Given material START

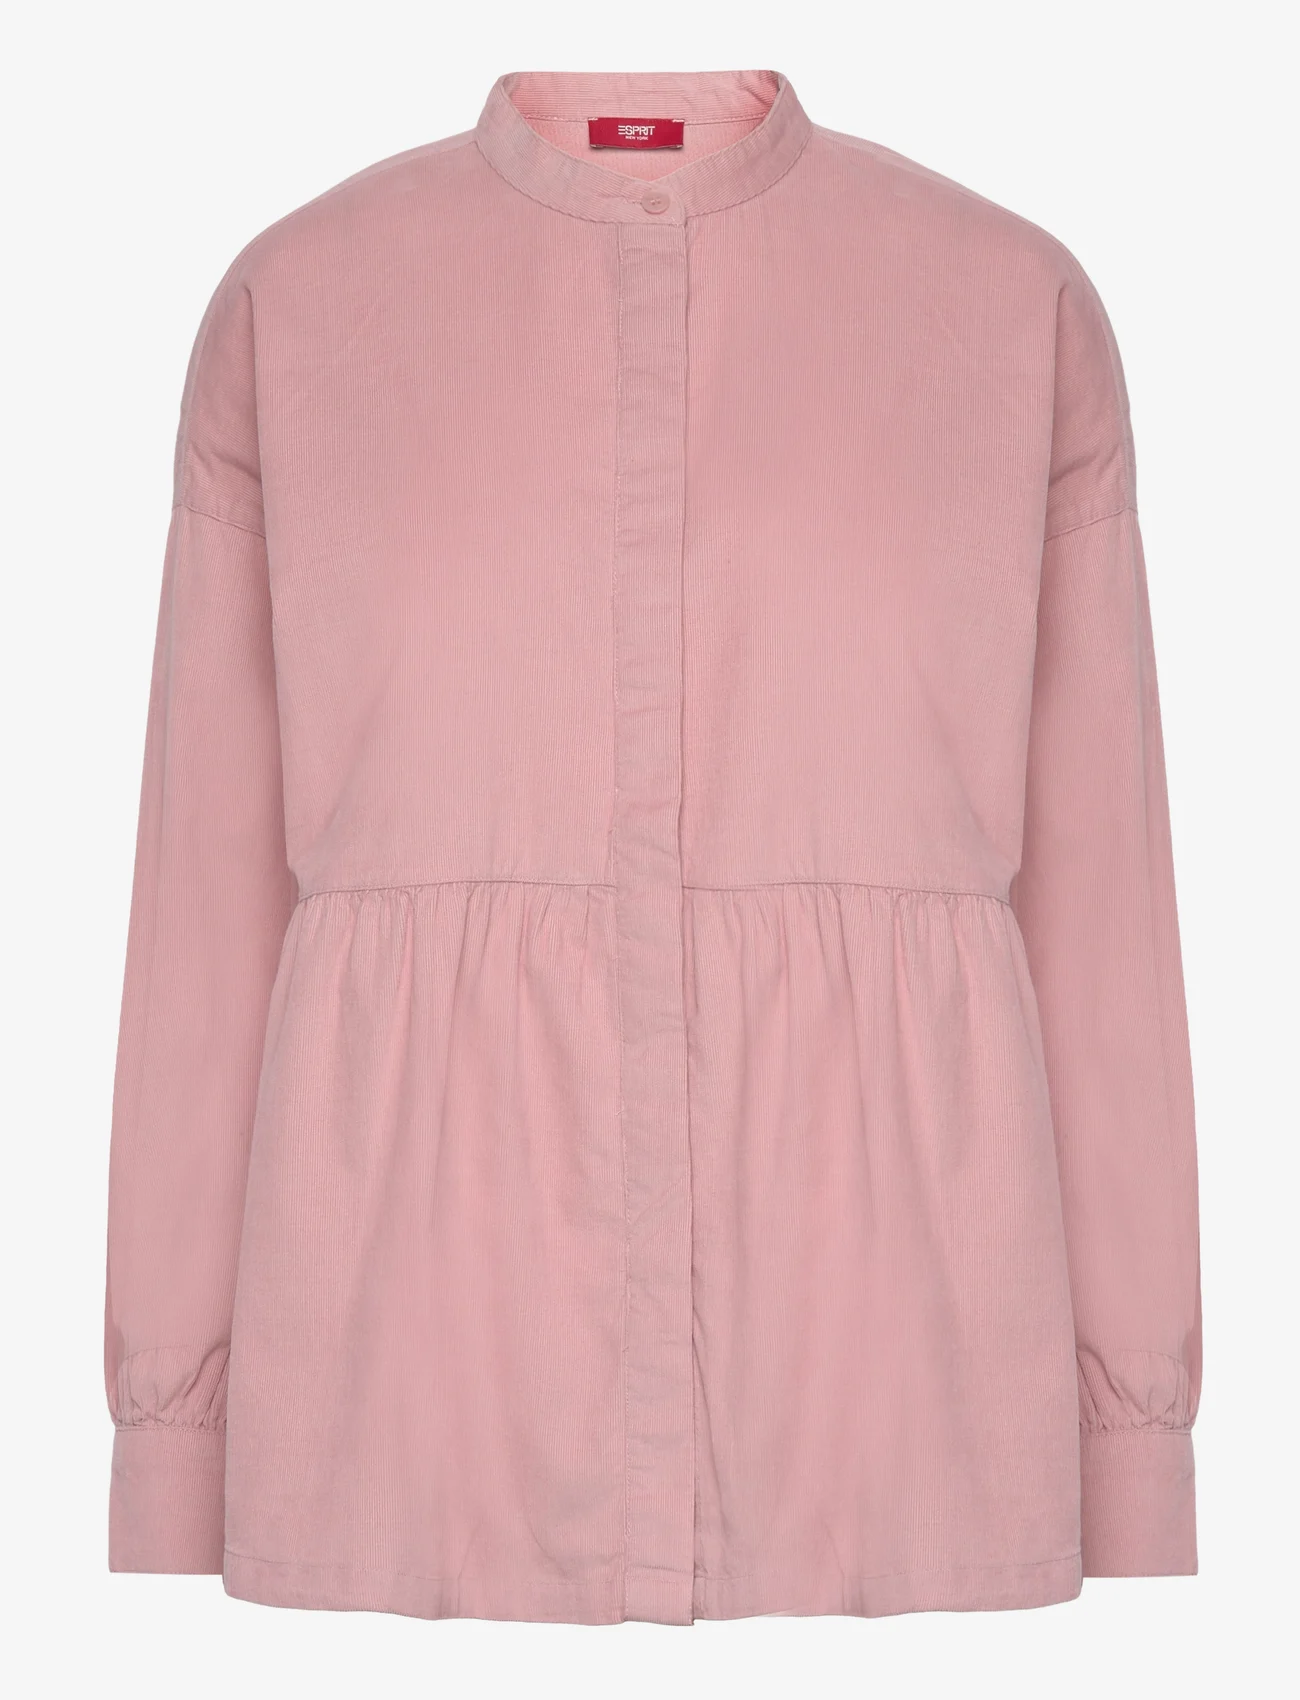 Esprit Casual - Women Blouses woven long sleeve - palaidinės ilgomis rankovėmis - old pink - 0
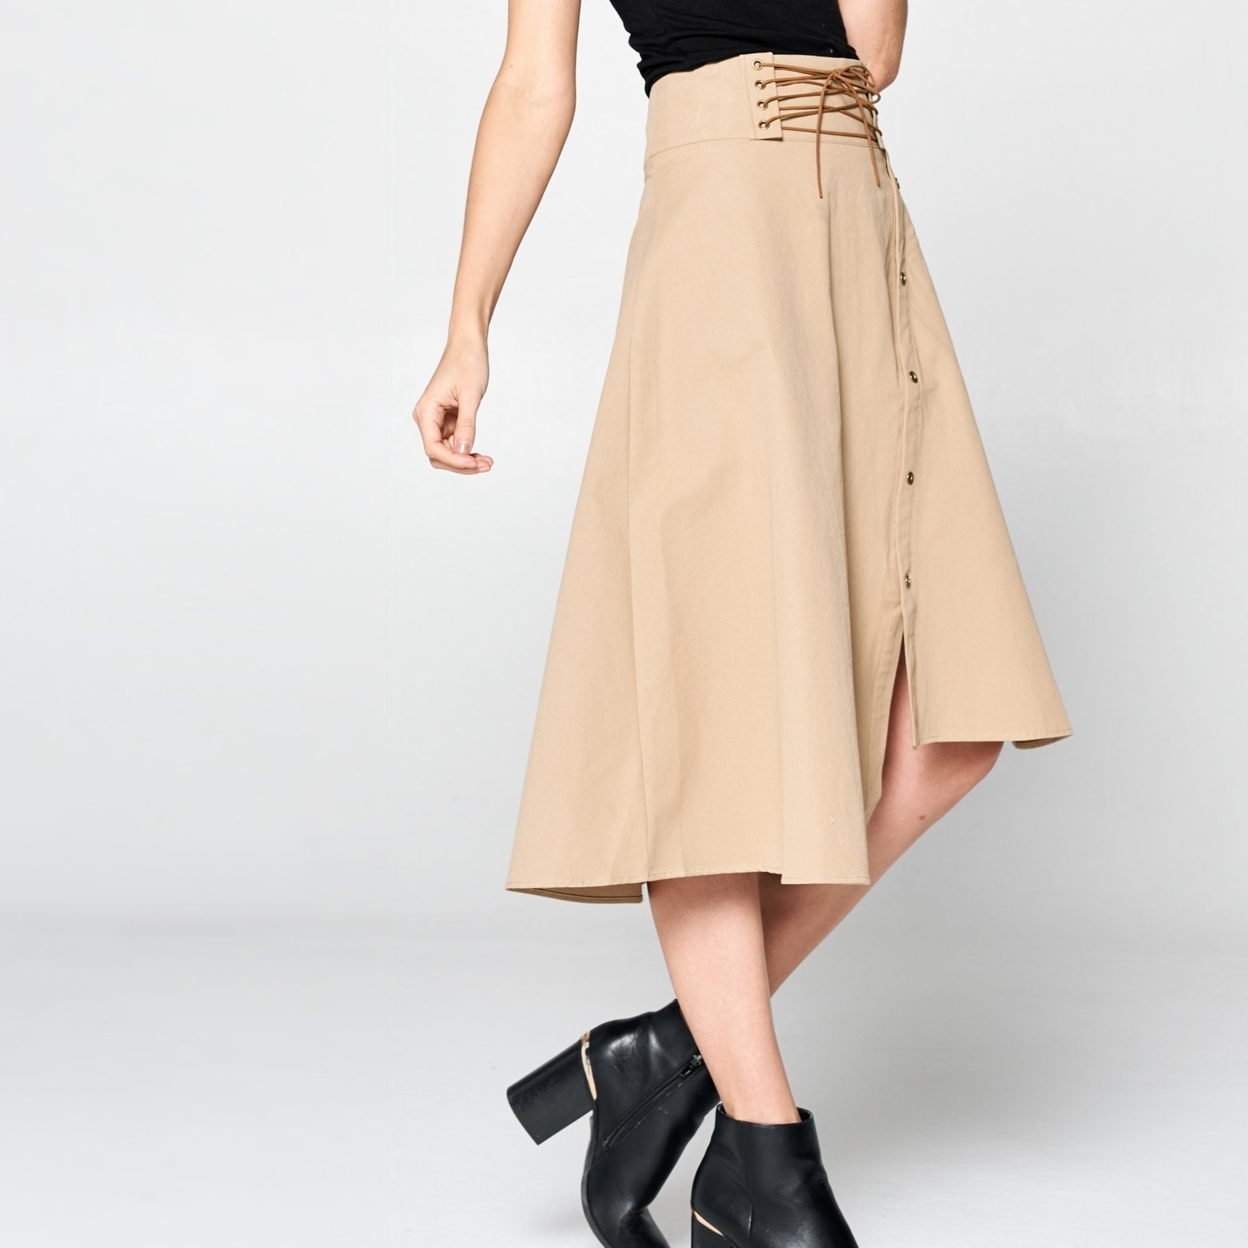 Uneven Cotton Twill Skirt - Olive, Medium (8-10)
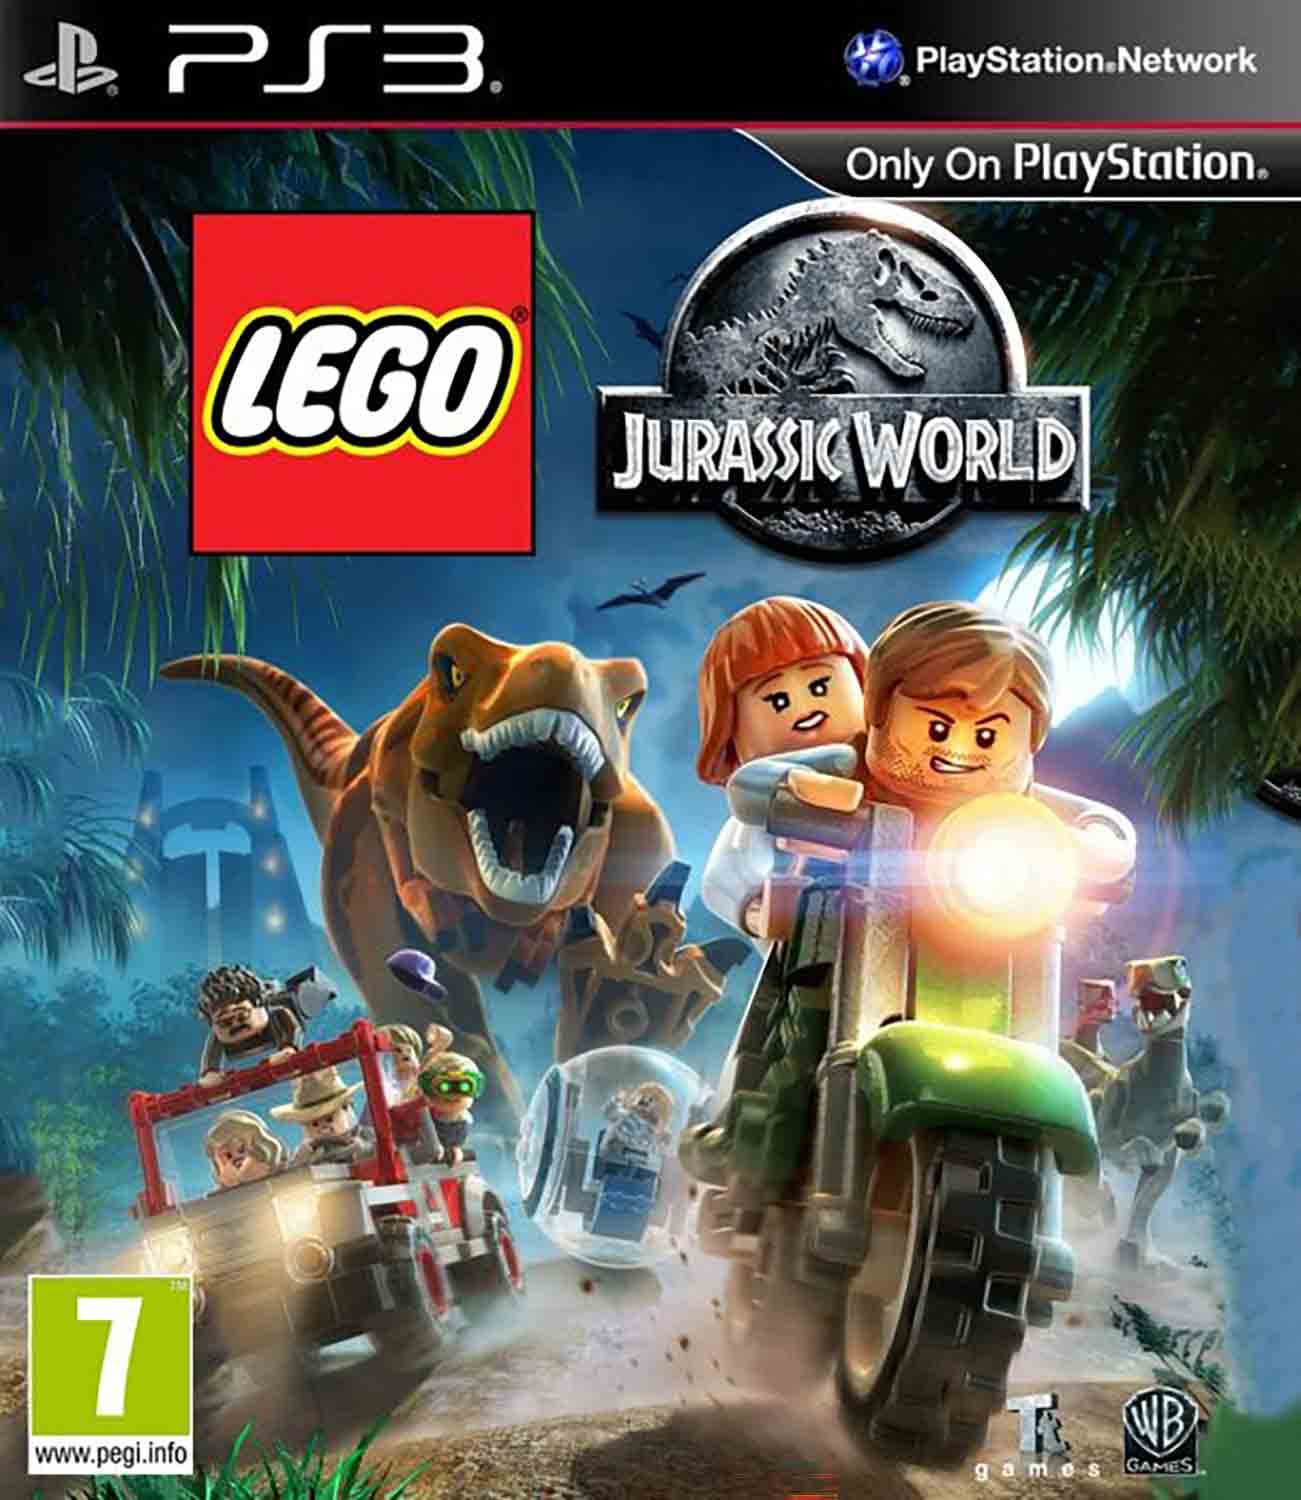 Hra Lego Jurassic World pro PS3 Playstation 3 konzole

Given material END

◆ Task goal
Give back word for word the lines from the one containing "Uneven Cotton Twill" through the final line of the data above. Pictures are to be left out.

◆ Written reply
 Uneven Cotton Twill Skirt - Olive, Medium (8-10)
 Hra Lego Jurassic World pro PS3 Playstation 3 konzole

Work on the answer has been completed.